Done: Eli Zaretskii <eliz <at> gnu.org>

View this message in rfc822 format

From: Bruno Haible <bruno <at> clisp.org> To: Eli Zaretskii <eliz <at> gnu.org> Cc: 79296 <at> debbugs.gnu.org, corwin <at> bru.st, shingo.fg8 <at> gmail.com, eggert <at> cs.ucla.edu Subject: bug#79296: 30.2; format-time-string returns wrongly encoded string in MS Windows Japanese with cp65001 beta config Date: Tue, 26 Aug 2025 23:08:16 +0200

Eli Zaretskii wrote: > Emacs by default calls setlocale with the argument of "", thus setting > up to use the default system locale. OK. > Are you saying that a call like > > setlocale (LC_TIME, ""); > > is insufficient to force UTF-8 encoding of time-related strings, on > MS-Windows with the UTF-8 system-codepage feature turned on? No, with the Windows UCRT libc and the enabled UTF-8 setting/checkbox this is enough to get nstrftime() to produce UTF-8 encoded output.

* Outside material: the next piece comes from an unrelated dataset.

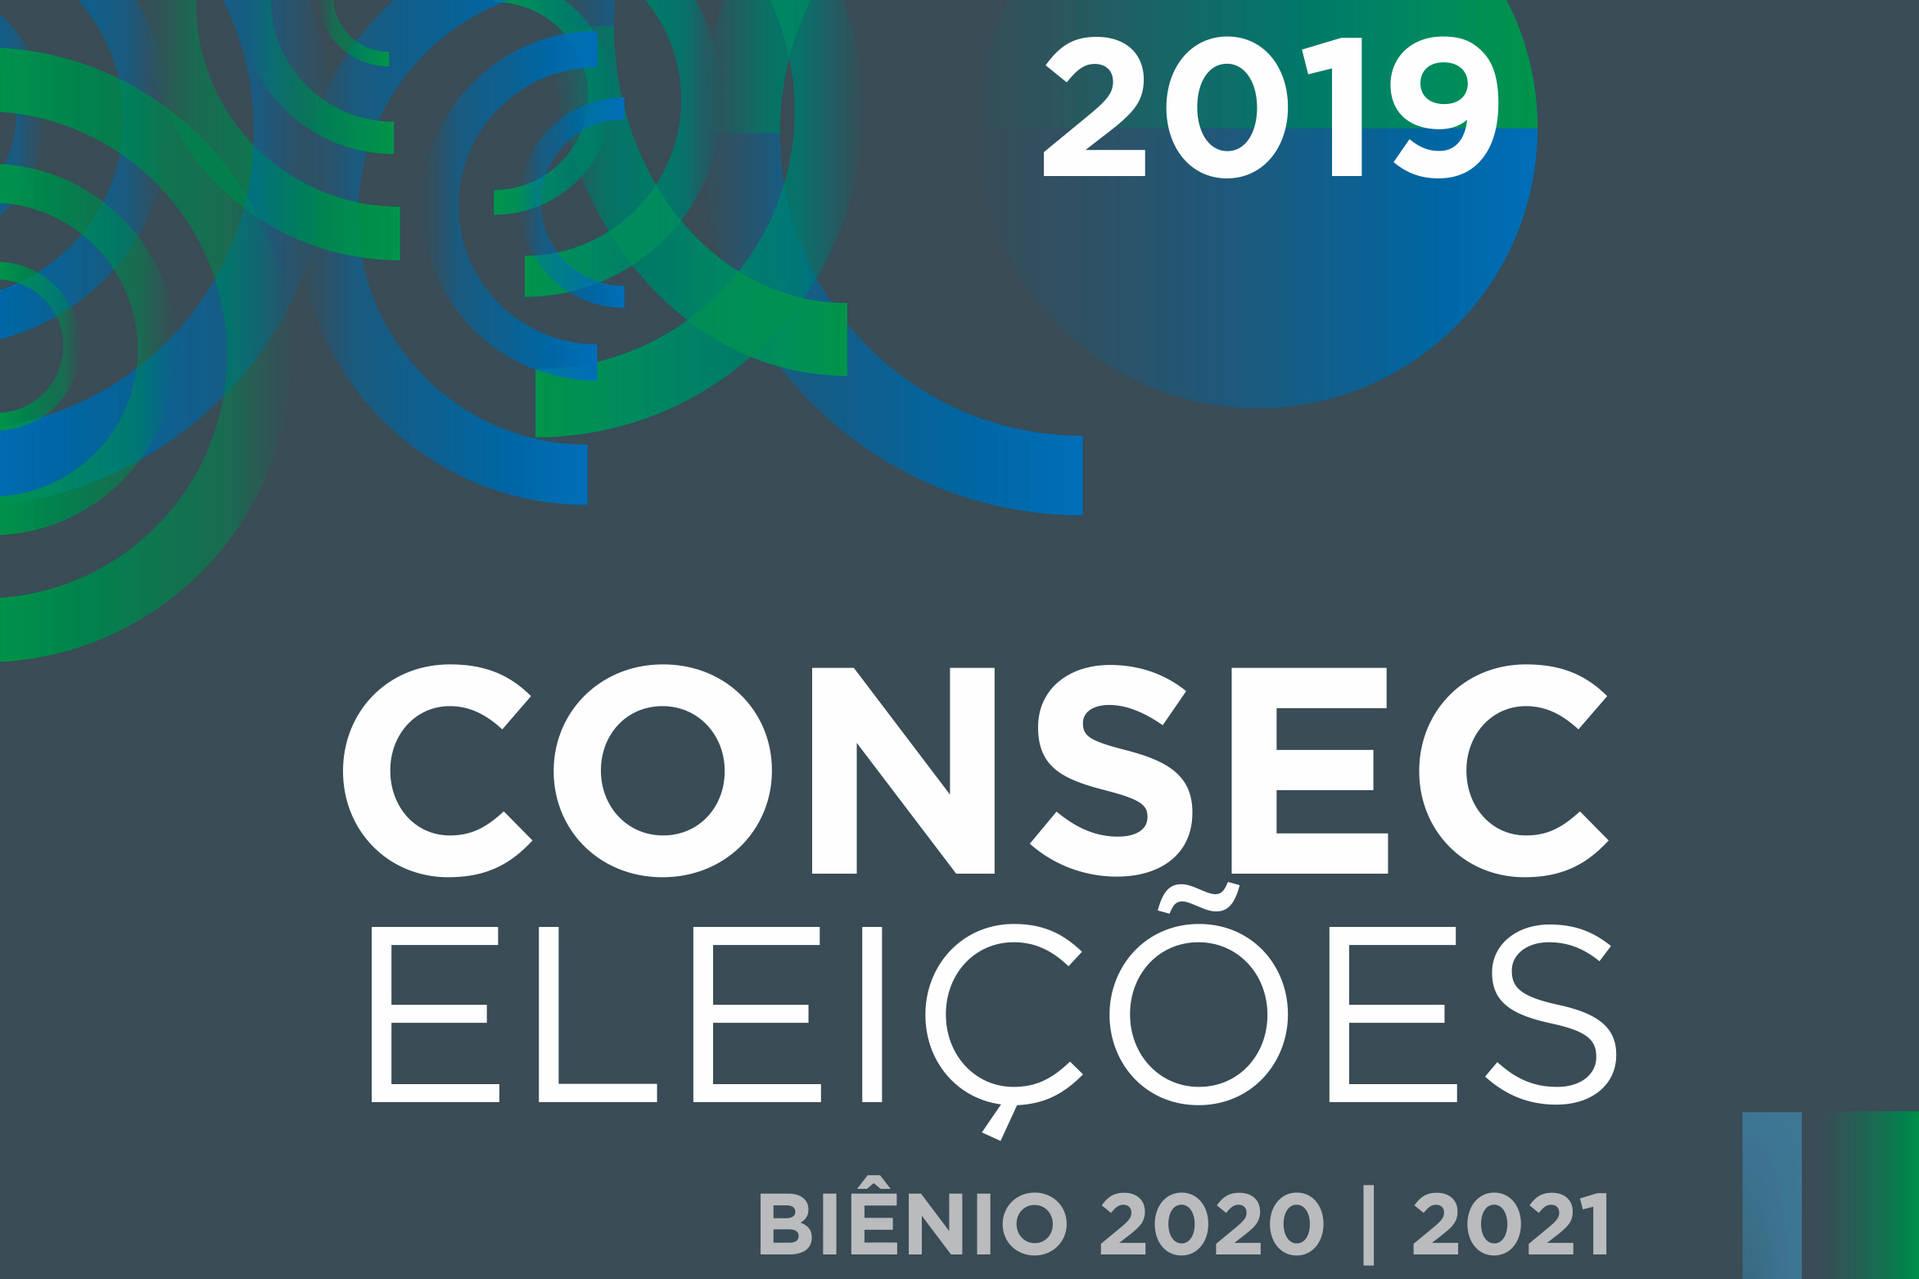 Eleição, que será realizada online, ocorre no dia 4 de dezembro de 2019.

That's what I can infer by playing with variations of my unit test. On GNU systems, you will also need setlocale (LC_CTYPE, ""); because glibc requires that the LC_TIME and LC_CTYPE categories specify the same encoding. (This is a kind of sanity check in glibc.) > Can you > try running your tests with a locale of "" and see if the codeset is > set to UTF-8 or codepage 65001? If I use setlocale (LC_ALL, ""); instead of just setlocale (LC_TIME, ""); then - again, in UCRT only - MB_CUR_MAX gets set to >= 4, which indicates an UTF-8 encoding. Even without a setlocale invocation, GetACP() returns 65001, since that's the direct effect of the UTF-8 setting/checkbox. > > Microsoft's UCRT has many changes compared to MSVCRT, probably worth of 10 years > > of development. Support for the UTF-8 environment is certainly only one of > > the many improvements. > > Any details beyond that general consideration? Are you saying that > MSVCRT doesn't support codepage 65001 as a codeset of a locale, > whereas UCRT does? Yes, that's what I'm saying. With MSVCRT, there is no way to get a MB_CUR_MAX value > 2. Which means, no UTF-8 support. > Do the tests you wrote fail when linked with MSVCRT? Yes, the tests already fail at the 'MB_CUR_MAX >= 4' assertion when linked with MSVCRT. Bruno

This bug report was last modified 21 days ago.

GNU bug tracking system
Copyright (C) 1999 Darren O. Benham, 1997,2003 nCipher Corporation Ltd, 1994-97 Ian Jackson.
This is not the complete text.